Dr Bryan Caplan, in a forthcoming piece for Ethos (journal produced by the Singapore Civil Service College; this post is based on the version posted in his blog entry) presents the two puzzles about Singapore's political economy. First, despite unpopular economic policies the PAP has still been continuously re-elected; second, despite having Westminster-style democracy Singapore remains a one-party state.
The paper then explores three families of explanations (His assessments in brackets):
1. Singapore is not really a democracy (Wrong)
2. Singapore's voters are unusually economically literate. (Dubious)
3. Singapore's voters are unusually loyal, deferential, and/or resigned. (Fits Facts Well)
However the puzzles presented have been already tackled by other scholars. To cite the influential ones, Chua Beng Huat (Communitarian Ideology and Democracy, 1995), Paul Trocki (Wealth, Power and the Culture of Control, 2006), Yao Souchou (The State and the Culture of Excess, 2007). If we use the combination of Chua, Trocki and Yao, and these are full-length books with well-researched evidence, then we would have already arrived at 1: wrong, 2: dubious, but 3 would be wrong too. They show instead that Singapore's voters are consciously and rationally making a calculated choice to prefer economic growth over political liberalization. And there is choice; voters have thus repeatedly rejected Chee's SDP which emphasizes political liberalization and privatization and preferred Chiam's SPP and Low's WP because they emphasize greater redistribution of growth.
My main critique of Caplan's paper and his interpretation of the facts ("World Values Survey" results) is that it evaluates the Singapore voter with the yardstick of the contemporary Anglo-American voter. This comparison is simply untenable since Singapore is historically, culturally, geographically, etc., different. In any case, the Whigs ruled semi-democratic Britain (no full suffrage and lots of autocracy) as a one-party state from 1721 to 1770 (with one year of Tory rule in between). The Tories who took over in 1770 to 1782 didn't do much for democracy either, and lost the American colonies as a result, and a lot more can be said about the 1800s and that century of empire, industrialization (and class conflict) and liberalization in Britain.

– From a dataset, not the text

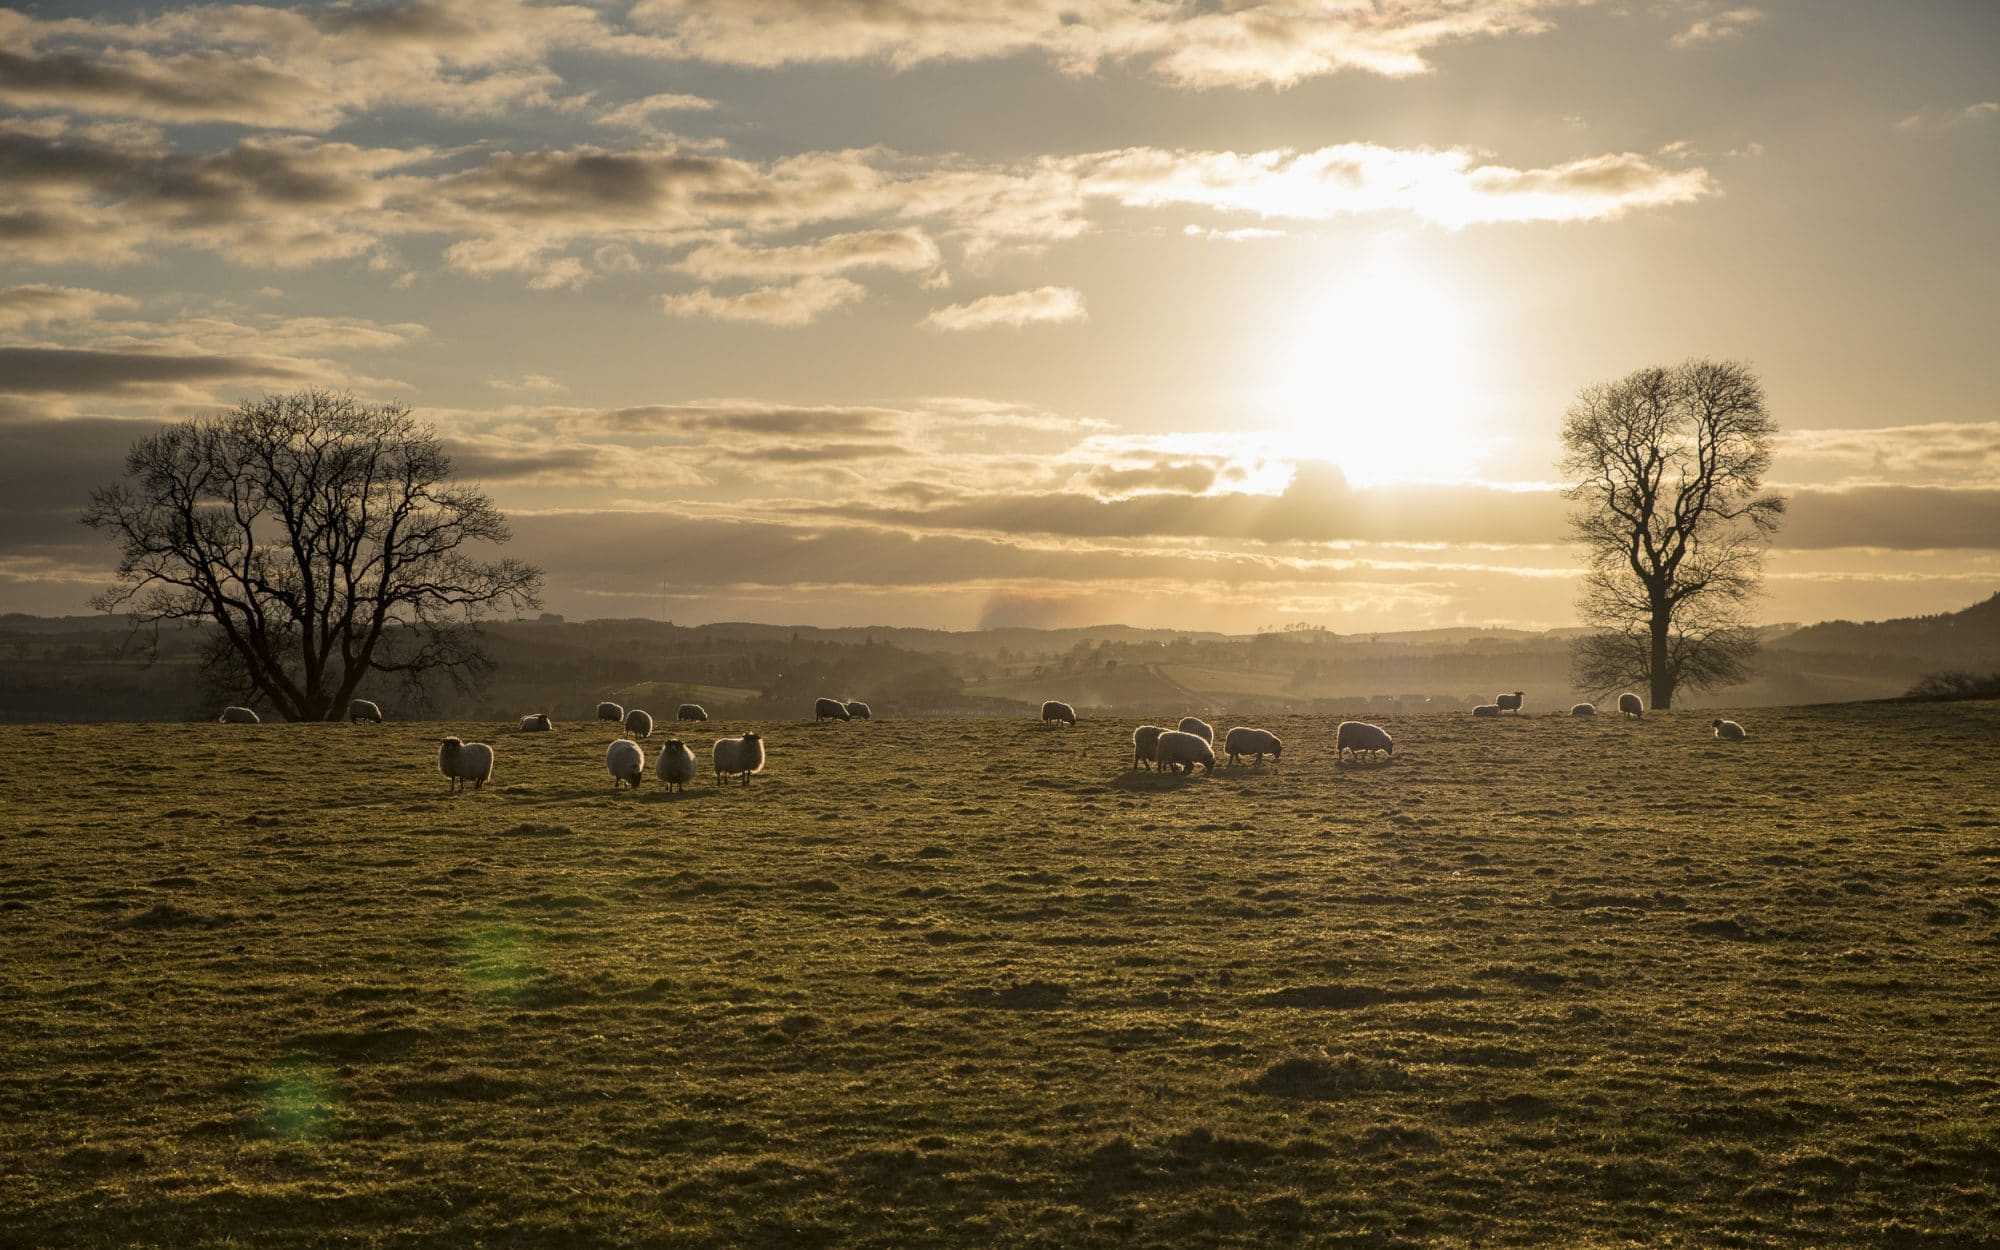 happy-as-a-scottish-sheep-sir-edwards-roadtrip

So really, anchoring the puzzle in so-called Westminster-style democracy is both ahistorical and ethnocentric. After all, we did not inherit a Westminster parliament, but a colonial version of it. Our founding fathers, and here I mean the whole gamut from David Marshall to Lee Kuan Yew to Lim Chin Siong, fought the British and each other for democratic, constitutional, republican government, and the outcome of this politics of decolonization is quite unique. Interestingly, the British, when they first colonized this region, thought the natives, i.e. "Malays", were "unusually loyal, deferential, and/or resigned" to their autocratic political leaders, or in their words, apathetic and fatalistic to their despotic rajas (see Frank Swettenham's "The Real Malay").
In conclusion, Caplan could have reviewed the existing literature more thoroughly as well as taken more cognizance of Singapore's cultural and social-historical context and processes.